These misalignment claims may be further complemented by the safeguards applied towards the malicious-actor-oriented “Robustness” and “Usage Monitoring” claims, which similarly limit a misaligned model’s use of its own or another model’s capabilities.

The table below illustrates possible examples.

This does allow ‘show it is actually aligned’ as a strategy (#2 or #3) although for many reasons ‘I don’t believe you’ is my response to that.

So the requirement is ‘show that under the conditions you will deploy it under, the model wouldn’t successfully do the thing, however you want to show that.’

You can use such classic strategies as ‘we’re watching and if it tries we’ll catch it and stop it,’ or ‘it seems pretty aligned so far’ or ‘no one would be so stupid as to give it access to the required mechanisms.’

I suppose one cannot really argue with ‘you can deploy the model if you can show that you’re doing it in a way that the model can’t cause severe harm.’

That is also logically the same as saying that you have to knock the practical risk level down to Medium, and if you’re certain you can do that then fine, I guess, but can you actually do that? I notice I am skeptical that the defenses will hold.

In addition to the safeguard examples in Appendix C, section 4 lays out the process for establishing safeguards.

There is a clear message here. The plan is not to stop releasing models when the underlying capabilities cross the High or even Critical risk thresholds. The plan is to use safeguards as mitigations.

I do appreciate that they will start working on the safeguards before the capabilities arrive. Of course, that is good business sense too. In general, every precaution here is good business sense, more precautions would be better business sense even without tail risk concerns, and there is no sign of anything I would read as ‘this is bad business but we are doing it anyway because it’s the safe or responsible thing to do.’

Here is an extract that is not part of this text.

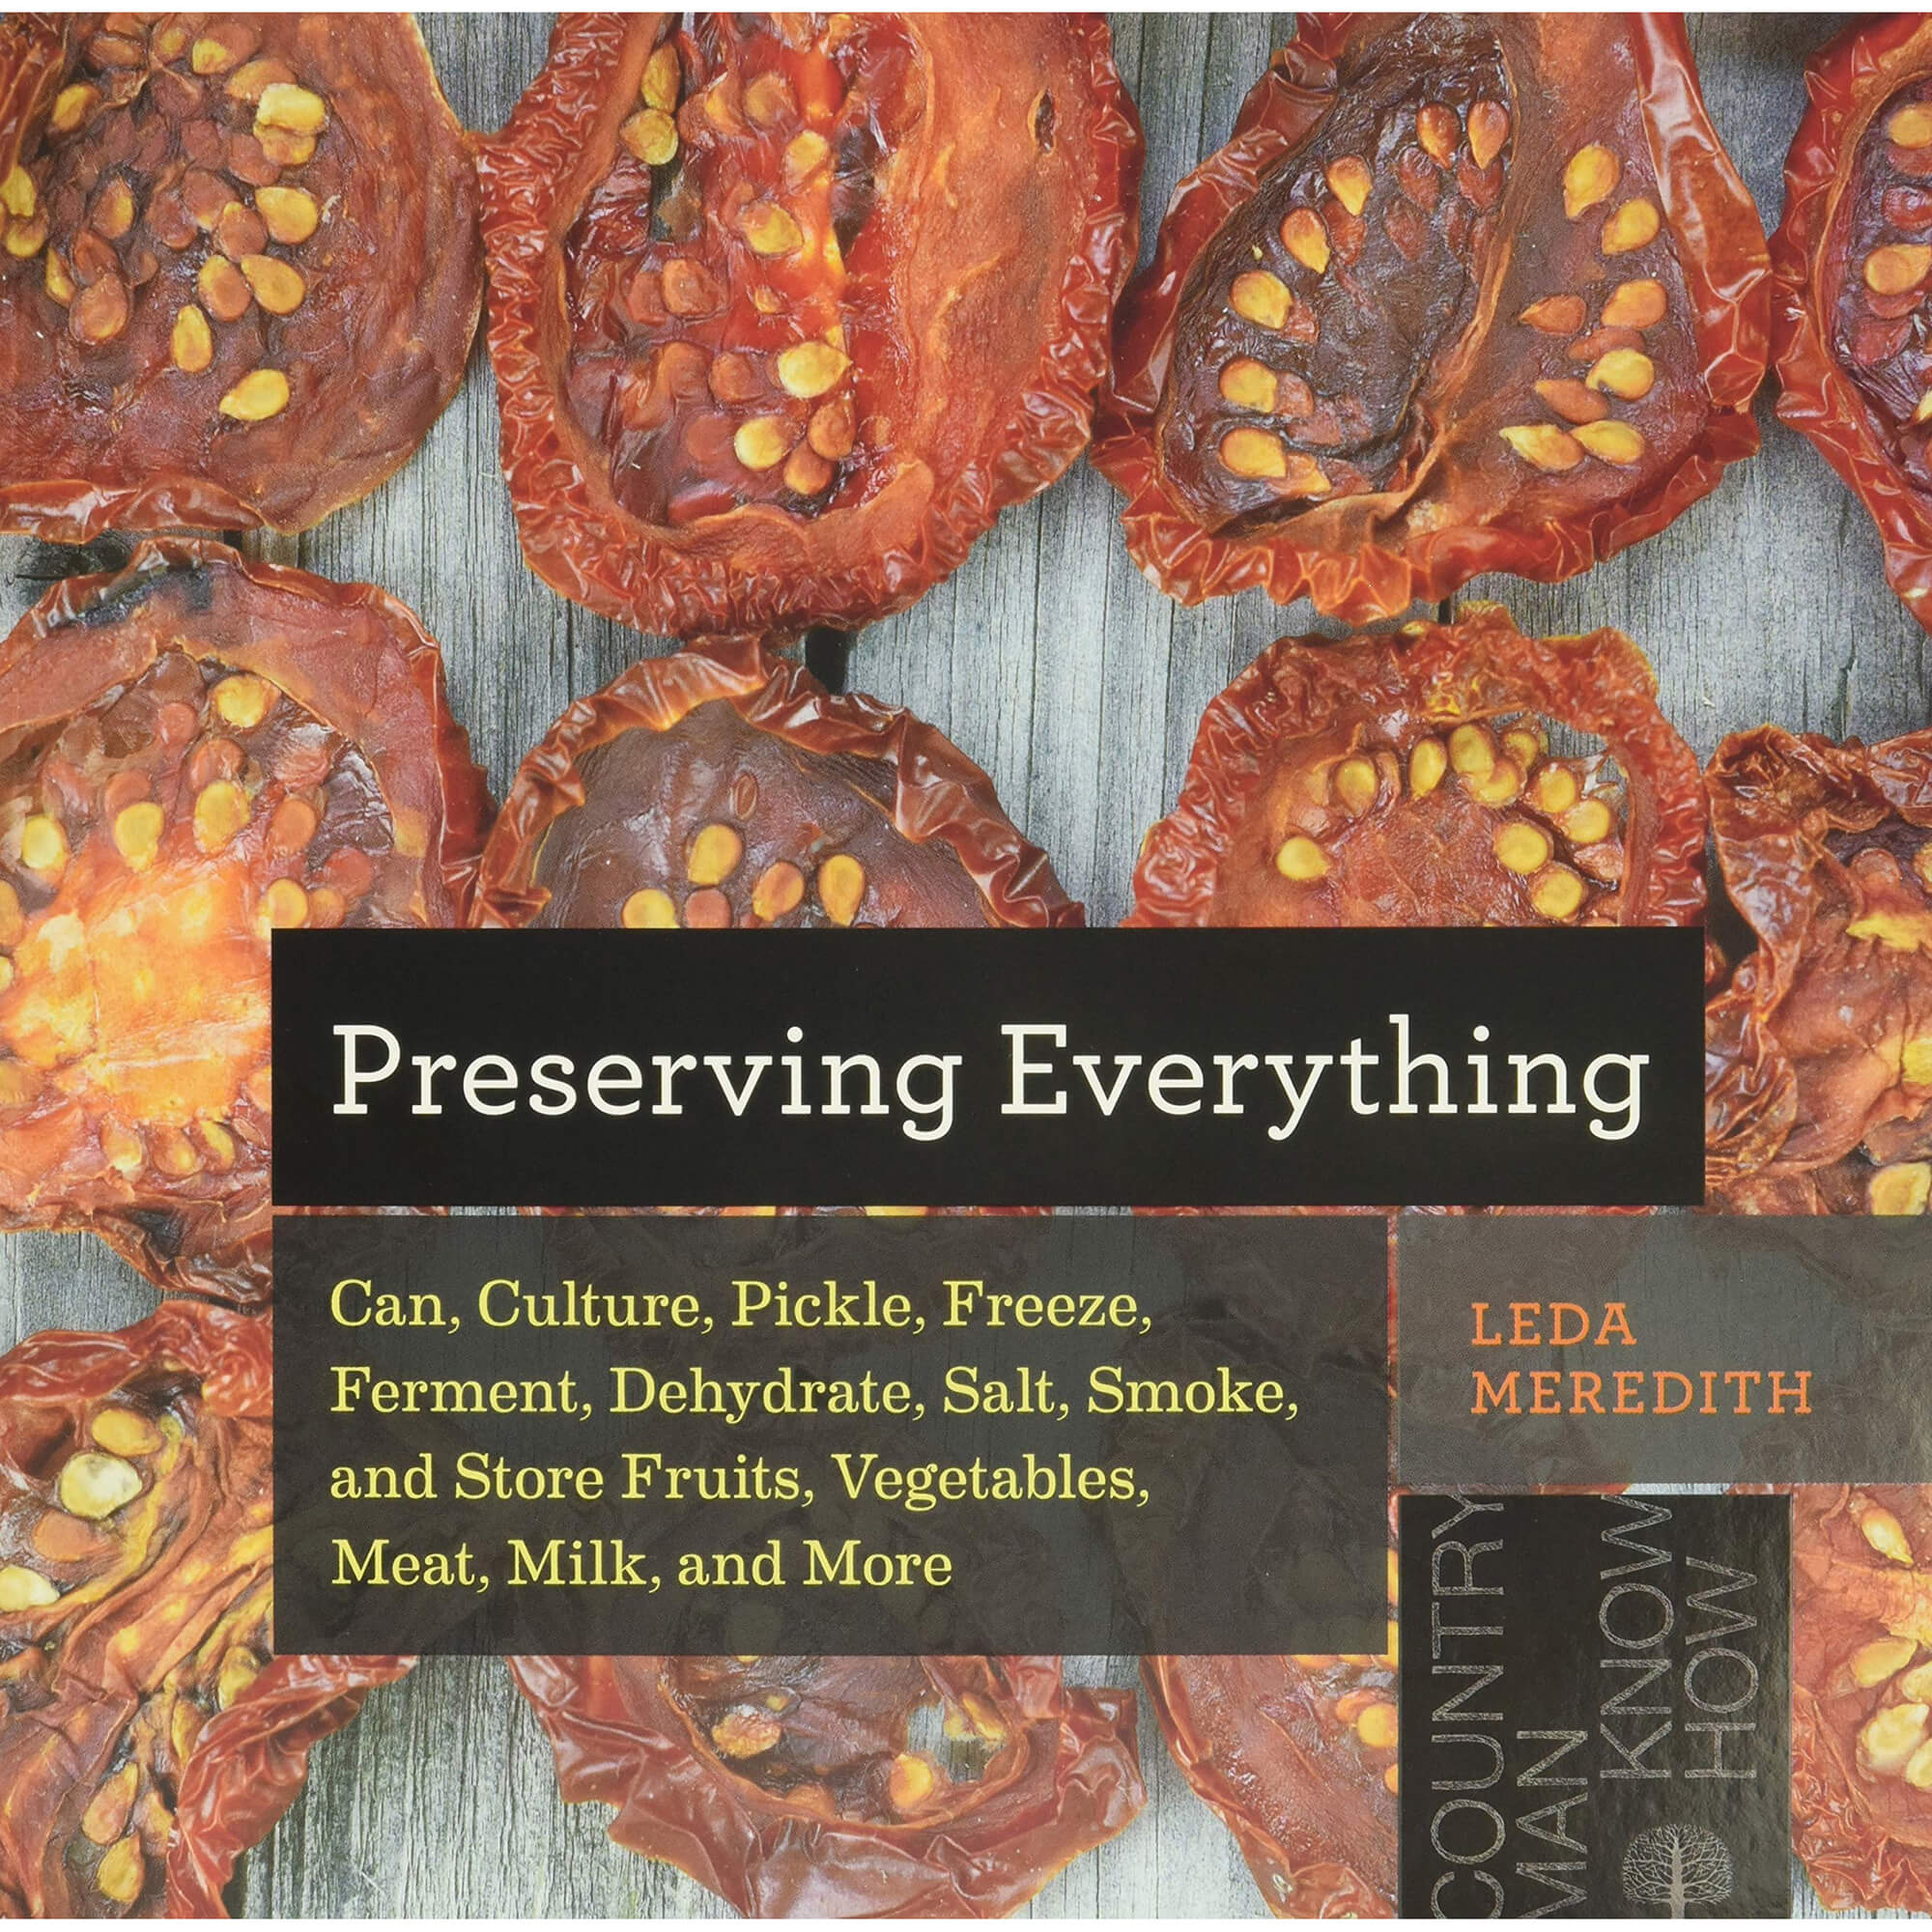 Preserving Everything: Can, Culture, Pickle, Freeze, Ferment, Dehydrate, Salt, Smoke, and Store Fruits, Vegetables, Meat, Milk, and More front cover.

I’ve talked before, such as when discussing Google’s safety philosophy, about my worries when dividing risks into ‘malicious user’ versus ‘misaligned model,’ even when they also included two more categories: mistakes and multi-agent dangers. Here, the later two are missing, so it’s even more dangerously missing considerations. I would encourage those on the Preparedness team to check out my discussion there.

The problem then extends to an exclusion of Unknown Unknowns and the general worry that a sufficiently intelligent and capable entity will find a way. Only ‘plausible’ ways need be considered, each of which leads to a specific safeguard check.

Each capability threshold has a corresponding class of risk-specific safeguard guidelines under the Preparedness Framework. We use the following process to select safeguards for a deployment:

• We first identify the plausible ways in which the associated risk of severe harm can come to fruition in the proposed deployment.

• For each of those, we then identify specific safeguards that either exist or should be implemented that would address the risk.

• For each identified safeguard, we identify methods to measure their efficacy and an efficacy threshold.

The implicit assumption is that the risks can be enumerated, each one considered in turn. If you can’t think of a particular reason things go wrong, then you’re good. There are specific tracked capabilities, each of which enables particular enumerated potential harms, which then are met by particular mitigations.

That’s not how it works when you face a potential opposition smarter than you, or that knows more than you, especially in a non-compact action space like the universe.

For models that do not ‘feel the AGI,’ that are clearly not doing anything humans can’t anticipate, this approach can work. Once you’re up against superhuman capabilities and intelligence levels, this approach doesn’t work, and I worry it’s going to get extended to such cases by default. And that’s ultimately the most important purpose of the preparedness framework, to be prepared for such capabilities and intelligence levels.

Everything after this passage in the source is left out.